One could just as easily say, "You can be 17 years and 364 days old and it is still illegal for you to star in a porn movie. In fact, if you did, you were breaking the law and so was anybody else who was making the movie with you. Yet the very next day, on your 18th birthday, you can now legally walk into a bedroom and have all the sex the camera can capture. What sense does that make?"

A society that proscribes children engaging in certain activities is compelled to draw an arbitrary line. When the line is drawn, there will be those on one side of the line who perhaps should be able to engage in the activity, but can't, and those on the other side of the line who should not be able to engage in the activity, but can. There are 12-year-olds who could responsibly drink wine at the dinner table, and 30-, 40-, 50-, and 60-year-olds who should never touch the stuff. A society of virtuous people would not need a government drawing the line, but if we were ever a society of virtuous people, we have long since lost that distinction.

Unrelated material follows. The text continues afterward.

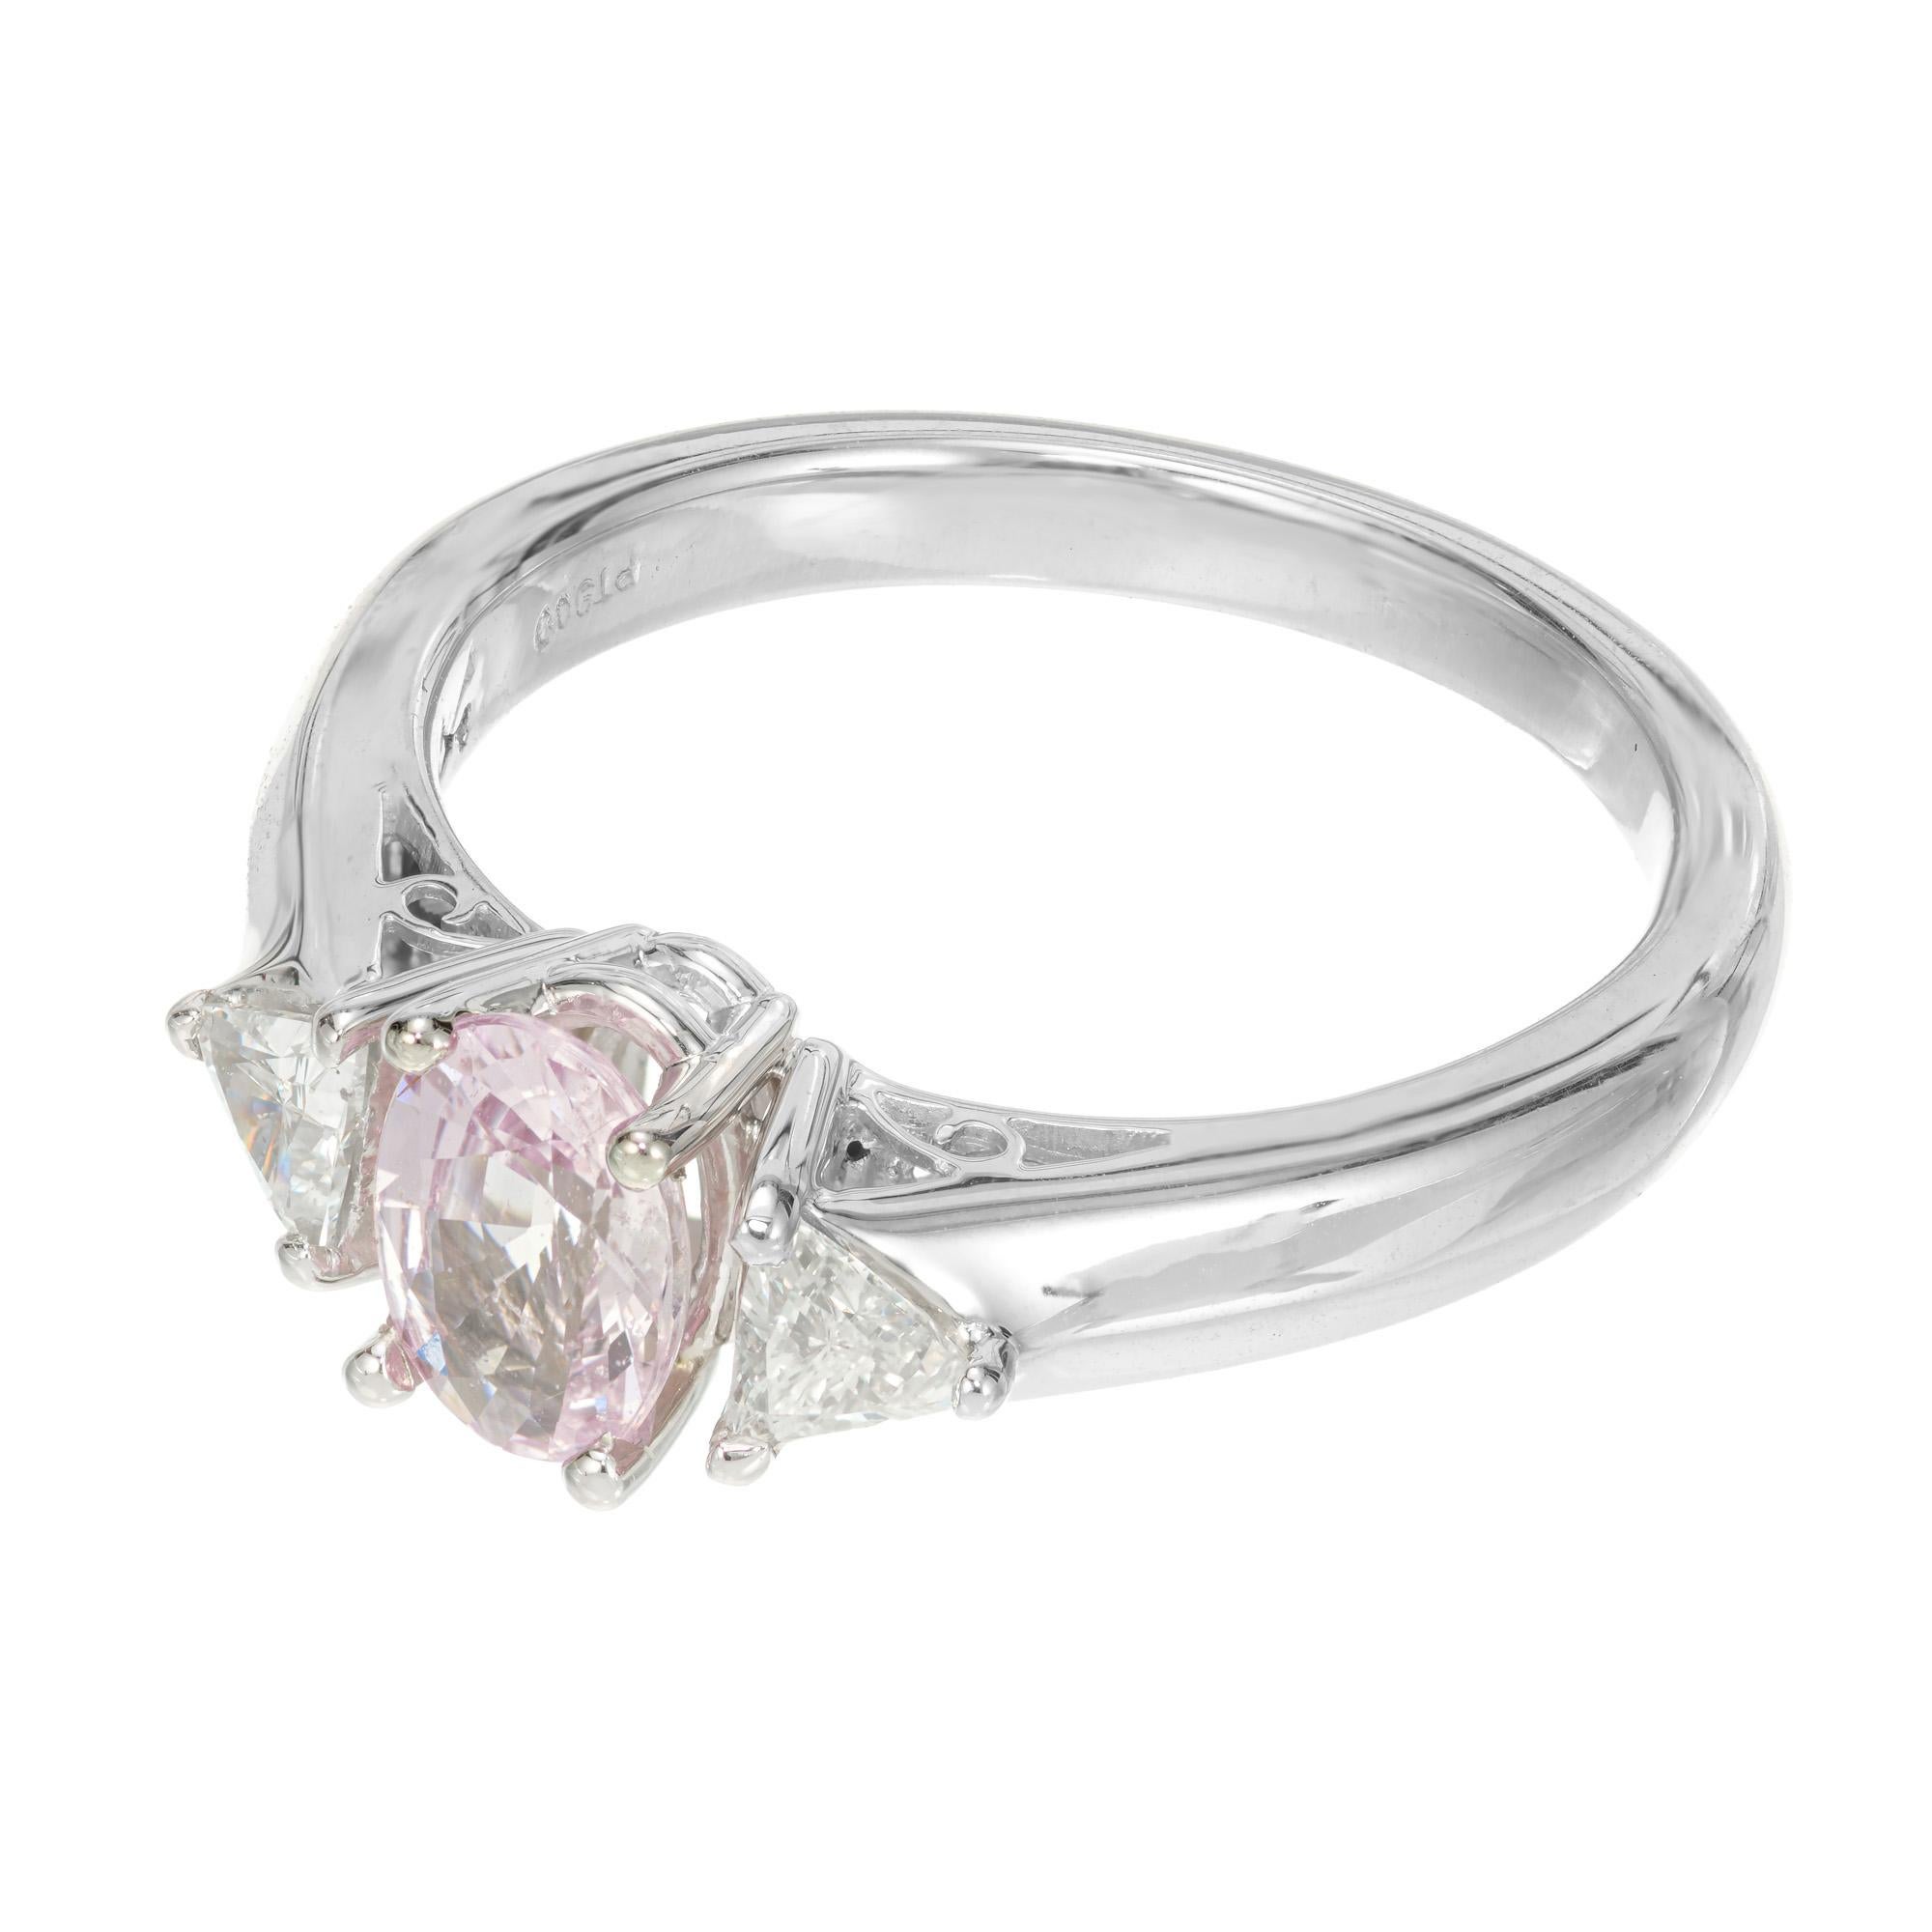 diamond ring with pink sapphire side stones

Push the drinking age back to 18, and around 2,000 people annually will die in teen DUI accidents who are not dying now, based on how many died before the age was raised to 21. OTOH, a few hundred million dollars will not be spent on underage-drinking enforcement that is being spent now. If we wanted to, and were willing to use whatever means were necessary, we could use that money to essentially rid Africa of malaria, or rid India of cholera, and save many more than 2,000 lives--but that would require first the willingness to say that lives in Africa and India are as worthwhile as those in the US, second the willingness to allow older teens to live, or die, with the consequences of their own, sometimes immature choices, and third the ensuring that the money saved from the non-enforcement of "21" would actually go into effective programs to save those who are in danger of malaria or cholera. Those are three big "if"s, and if a society is not virtuous enough to handle individual choice in alcohol, it certainly would not be virtuous enough to handle the three "if"s.

45 posted on 04/23/2014 11:06:57 AM PDT by chajin ("There is no other name under heaven given among people by which we must be saved." Acts 4:12)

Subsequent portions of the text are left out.